+++ Dataset section +++
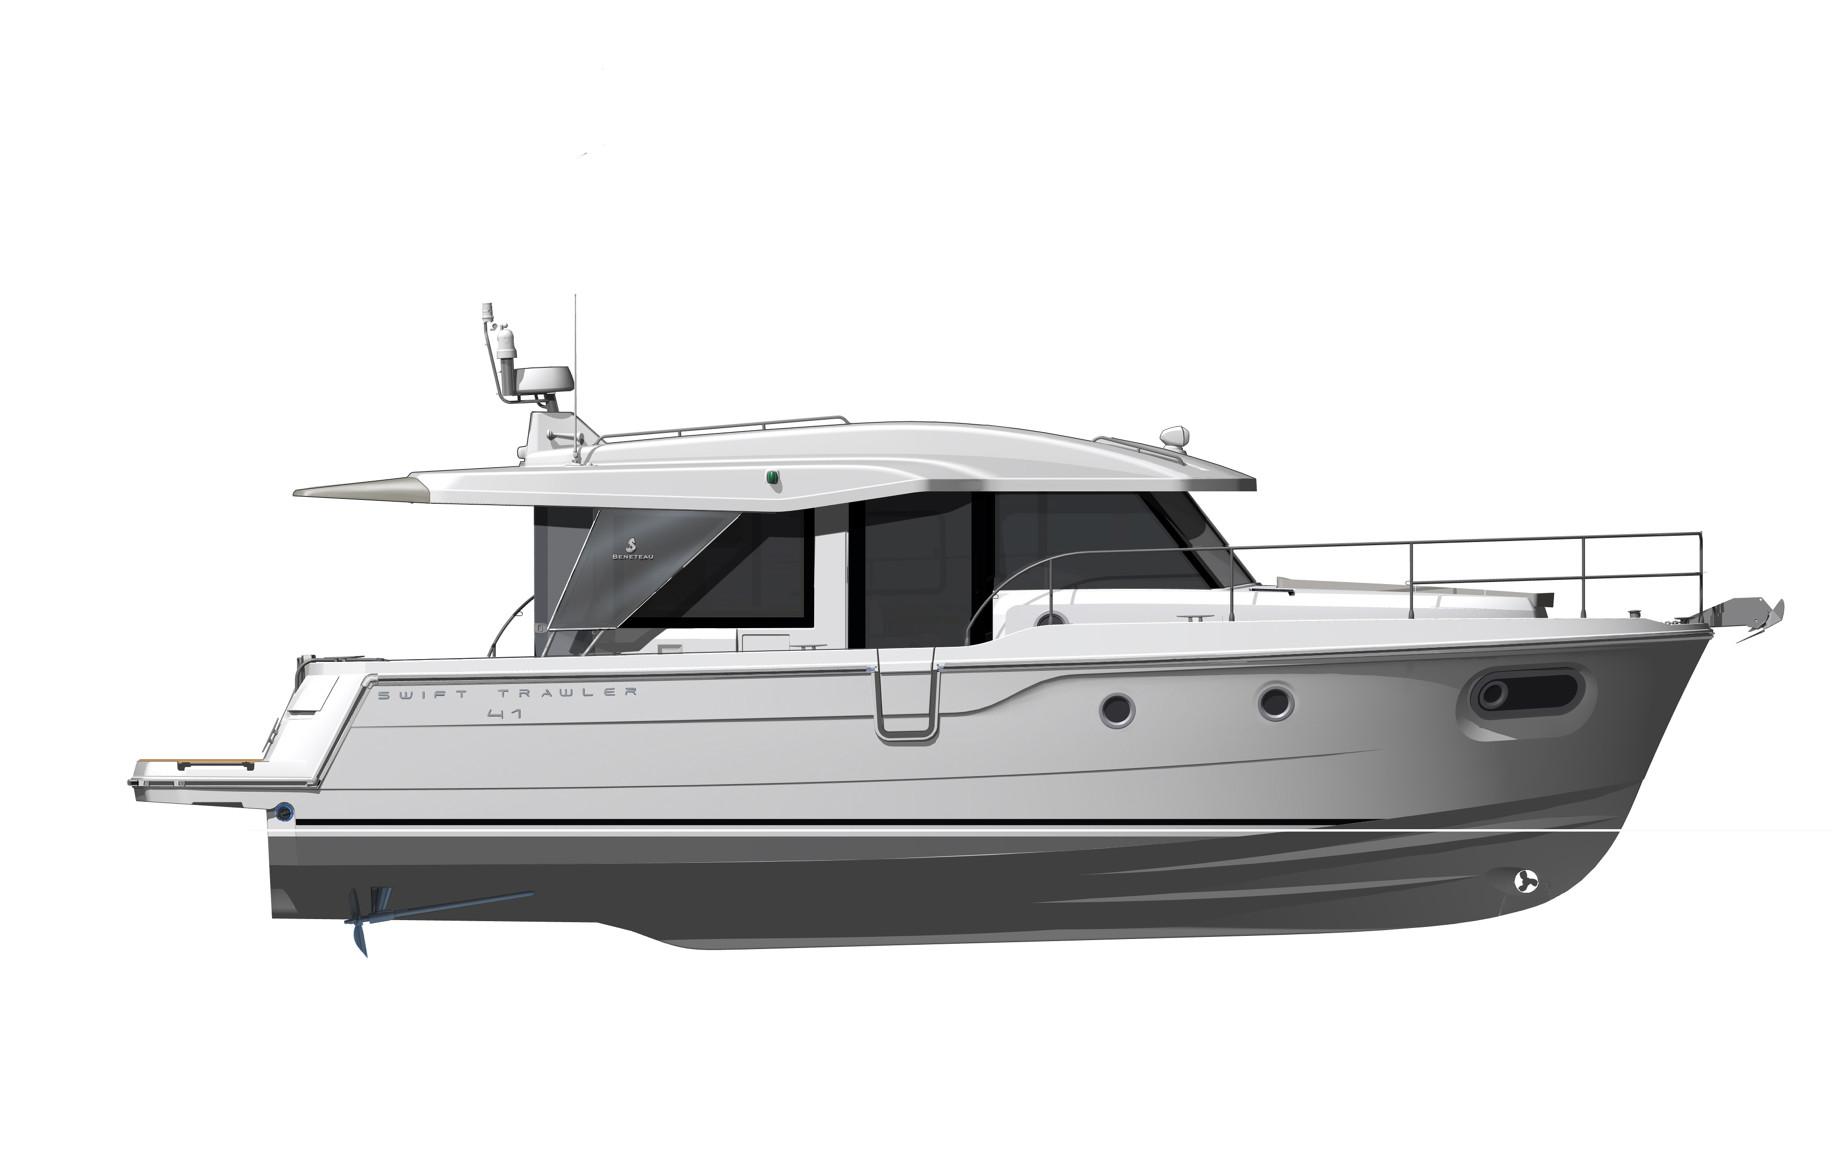 Swift Trawler 41-4
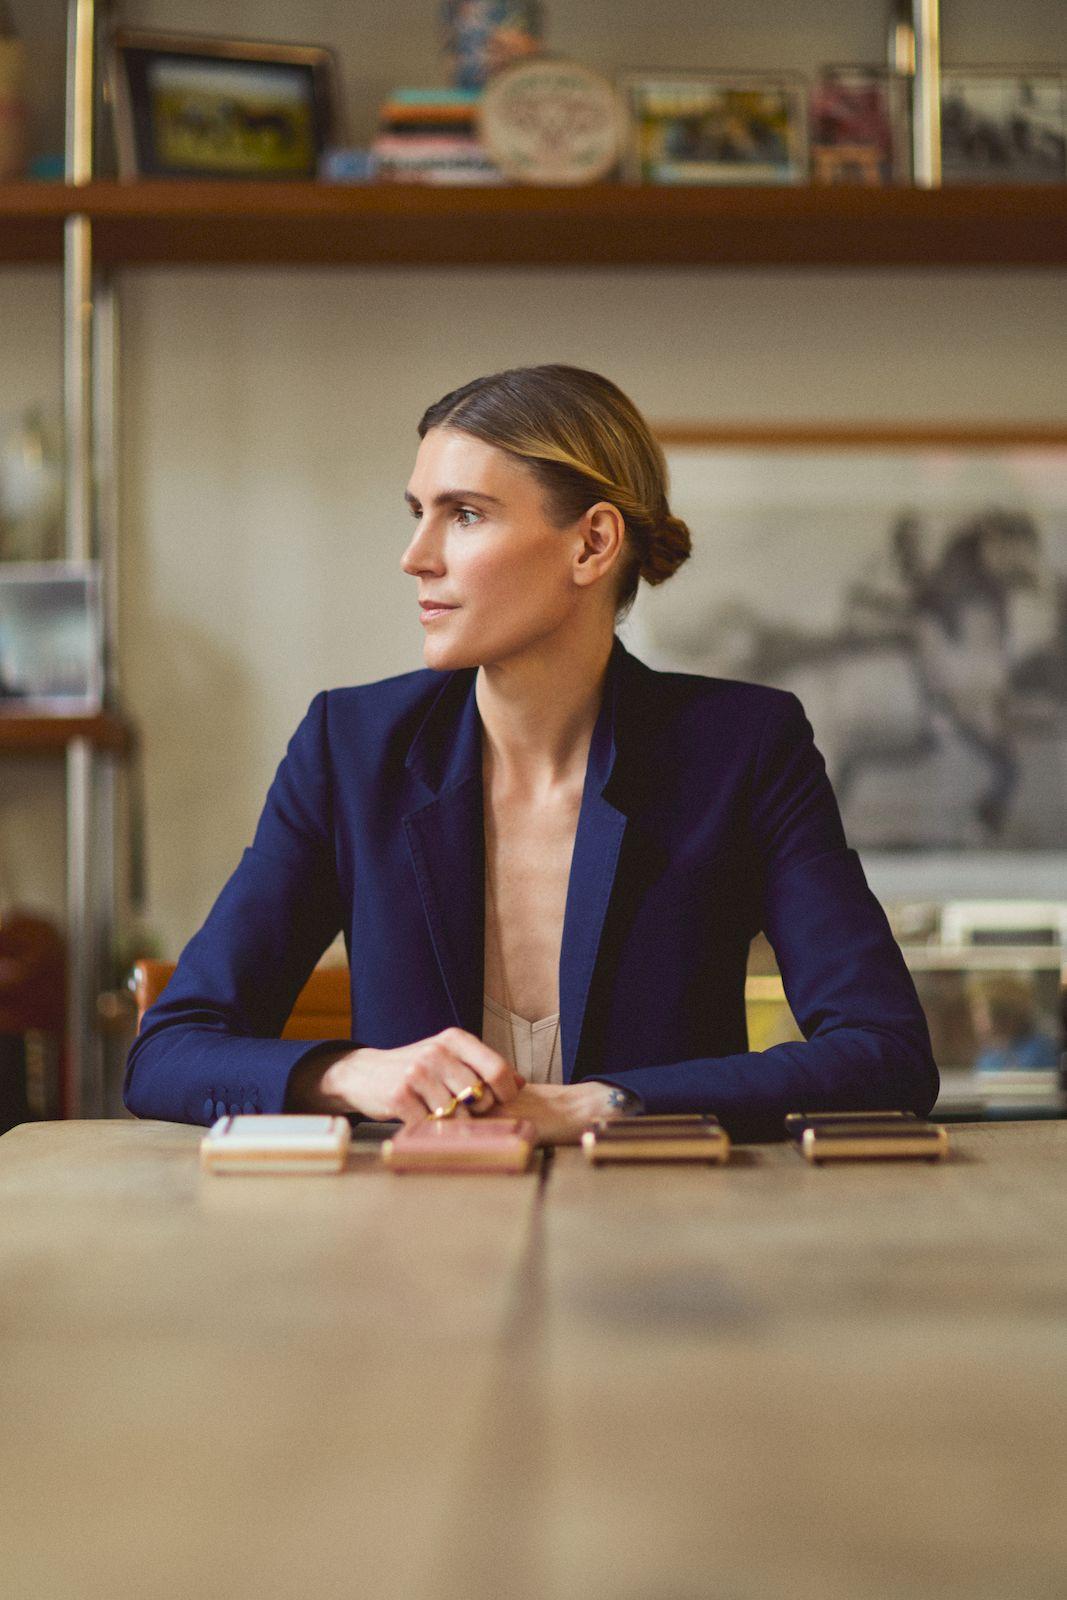 Interview with fashion designer Gabriela Hearts
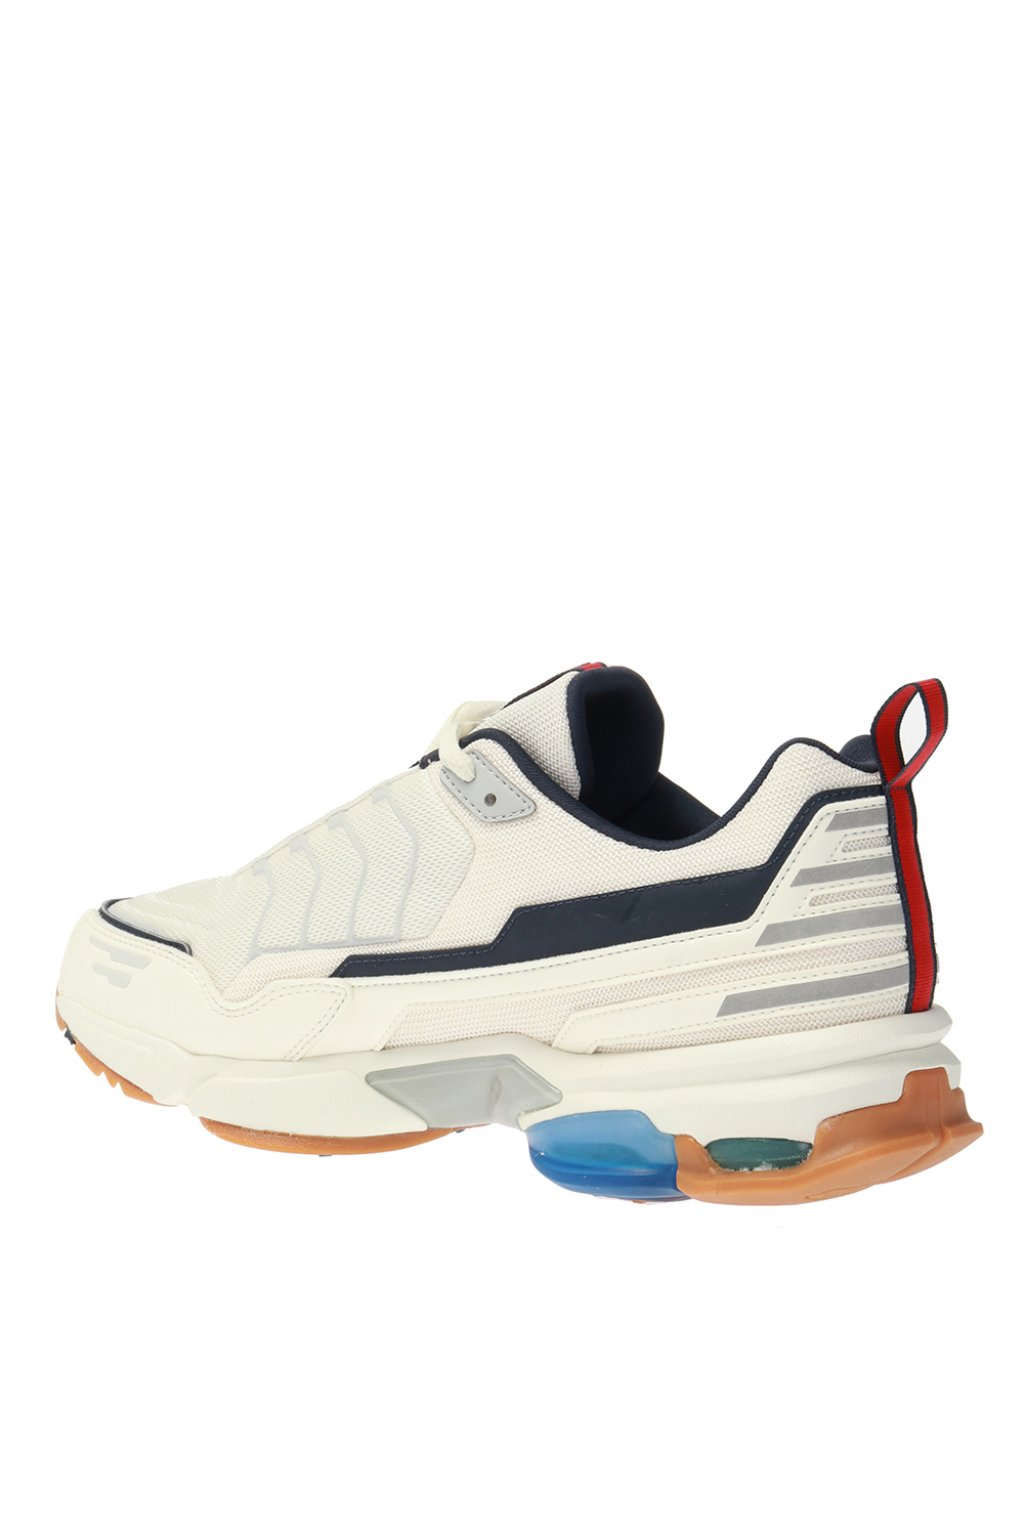 Reebok 'DMX6 MMI' sneakers
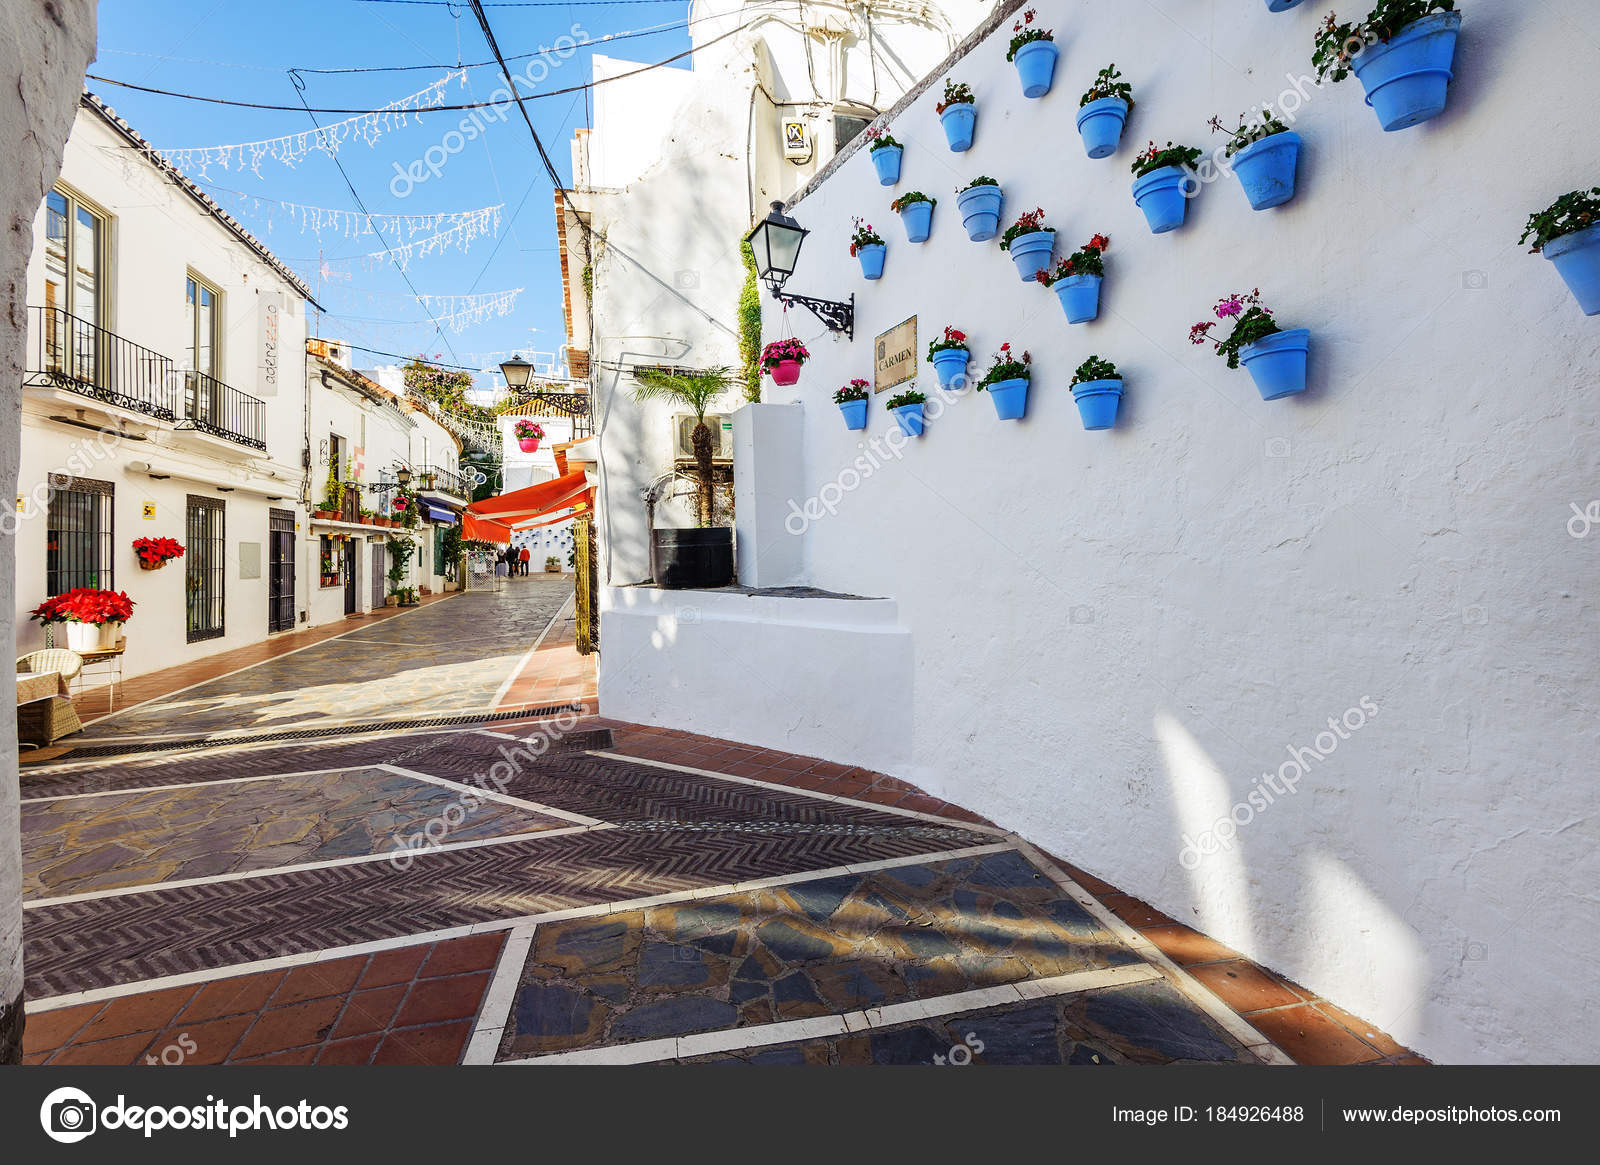 Depositphotos & Marbella Spain December 2017 Spanish Street Blue Flower Pots ...
+++
## Work item
All of the listing should be transcribed exactly, but none of its images.

## Exercise result
 Swift Trawler 41-4
 Interview with fashion designer Gabriela Hearts
 Reebok 'DMX6 MMI' sneakers
 Depositphotos & Marbella Spain December 2017 Spanish Street Blue Flower Pots ...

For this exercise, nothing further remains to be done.